4 minute read
Moving with Kids
Moving can be incredibly stressful. But, when you go from the renting life to buying your first home, there are more stressors than you probably realize. Luckily there are professionals like Emily Tupa—a wife, realtor, and mom—in the Black Hills to help us along the way. Here are her three steps to making the transition easier, especially on your kids.
family photo Legacy
words Jenna Carda
Buying a home is a big step for you, your partner, and your entire family. But, finding a home that fits you and your life will be well worth the time and stress. With a light at the end of the tunnel, your house will be welcoming you home.
Emily has been a realtor with RE/MAX Advantage in Rapid City for the past four years, and in addition to helping others buy and sell their home, she and her husband Tyler have walked through the process (multiple times) as well. In July of last year, six months pregnant with their second daughter, the Tupas solidified the agreements of selling their second home and buying their third. As they negotiated the deals, the clash of storms arose when Emily’s mother passed away.
“So many of my clients are in the same position,” explained Emily with compassion. “It may not be that traumatic, but I tell people, ‘You don’t quit working, quit making dinner, quit fighting with your spouse, or quit helping your kids with homework while you’re doing something as major as buying a home.’ None of that goes away; you’re just suddenly handed this boulder of an extra activity to manage.”

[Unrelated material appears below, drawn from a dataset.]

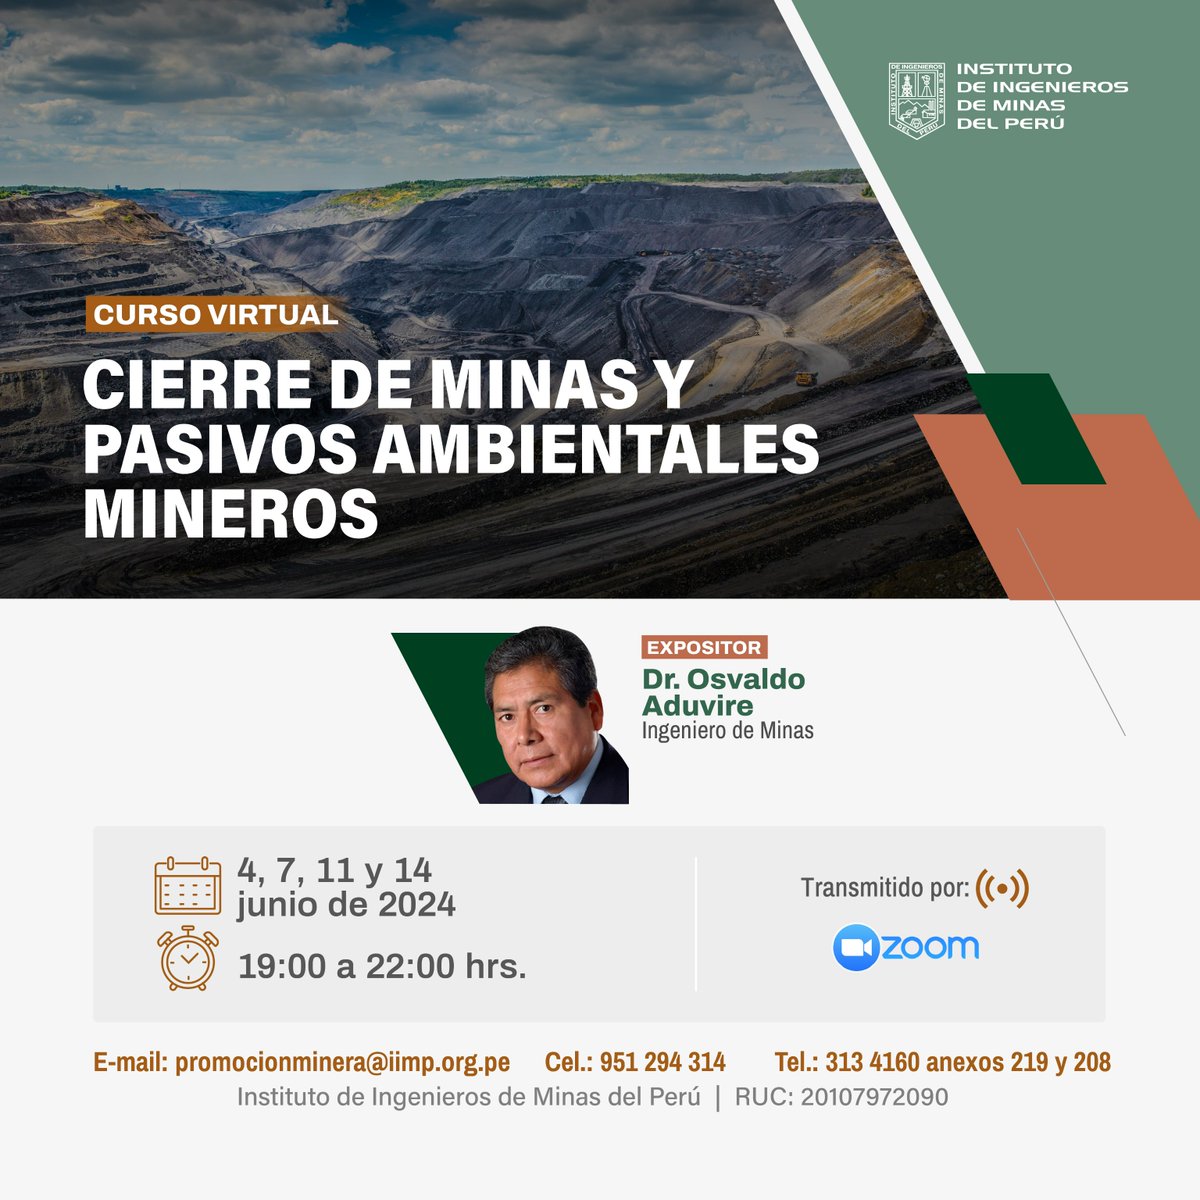 Los invitamos a participar del curso virtual Cierre de minas y pasivos ambientales mineros. Será dictado por el Dr. Osvaldo Aduvire. 📌 Inscríbete aquí: ow.ly/C8k050QpA4e 📌 Se pueden contactar a wa.me/51951294314

Even in the best of circumstances, large decisions can bring extra stressors— especially for little ones. Emily’s oldest daughter Julia, now five years old, experienced this. Still at a young age where adulthood is a mystery, their knowledge of and ability to recognize and react to change is very present.
Here are a few ways to make the transition to a new home a bit easier for the littles in your household.
take a tour
Children are often visual learners. If you are set on a house, ask your Realtor for a walkthrough with your kids. During this tour, talk through the ideas for your new home and ask for their input on spaces they will frequent, like their bedroom.
“We did a ‘check-in’ on our house with Julia in the final weeks before our move, and asked her questions like, ‘Where should your bed go?’ and ‘What’s something you don’t have now that this new house could have.’ It got her excited to be able to make some of those decisions,” said Emily.
In addition to touring the home itself, take a walk around the neighborhood as a family to explore the new area!
Advice from the Realtor: Be respectful of the seller’s position, too. Selling a house can be just as stressful as buying, and asking to view the property multiple times could make the transaction uneasy.
let them help
To understand the reality of their toys, books, and belongings being packed up, let your little one help. Give them a box and a task while explaining the items will only be put away for a short time.
“We gave Julia a box and we made it into a house where her stuffed animals went,” said Emily. “She patted them all on the head and said, ‘We’ll see you soon’ before we taped it up. I think it made it a little less scary for her as her room was being packed up.”
Advice from the Realtor: If you can, make the investment of hiring a moving company. As a parent, it saves time and frustration. Rather than moving furniture all day then trying to show up for your family that evening, it frees you up for an overall positive experience.
be patient
As every parent knows, there will be questions upon questions during this time of transition. However difficult it may be, take the time to explain and walk your child through this new chapter in your life. One way to make the connection a bit easier to understand for children is accepting your new home like a new member to your family.
“A new home is like a new family member entering the picture; you will have to figure out what quirks this home has that you will have to adapt into your family dynamics,” said Emily.
For example, the Tupa’s new home is at the top of a hill where the wind is much stronger than their past home. With louder storms came more sleepless nights when little Julia became frightened. But being patient with the characteristics of a new “family member” and explaining them to their daughter has helped.
Advice from the Realtor: It may be frustrating when a seller will not budge on their price, but changing your perspective of the home to a piece of that family will help you picture what is happening in their situation. People take great pride in their homes and what they’ve done to them. Selling a home is like walking up to a family member and assigning a worth to them. Sometimes, it can be very off-putting. Be patient as you go through the negotiation process.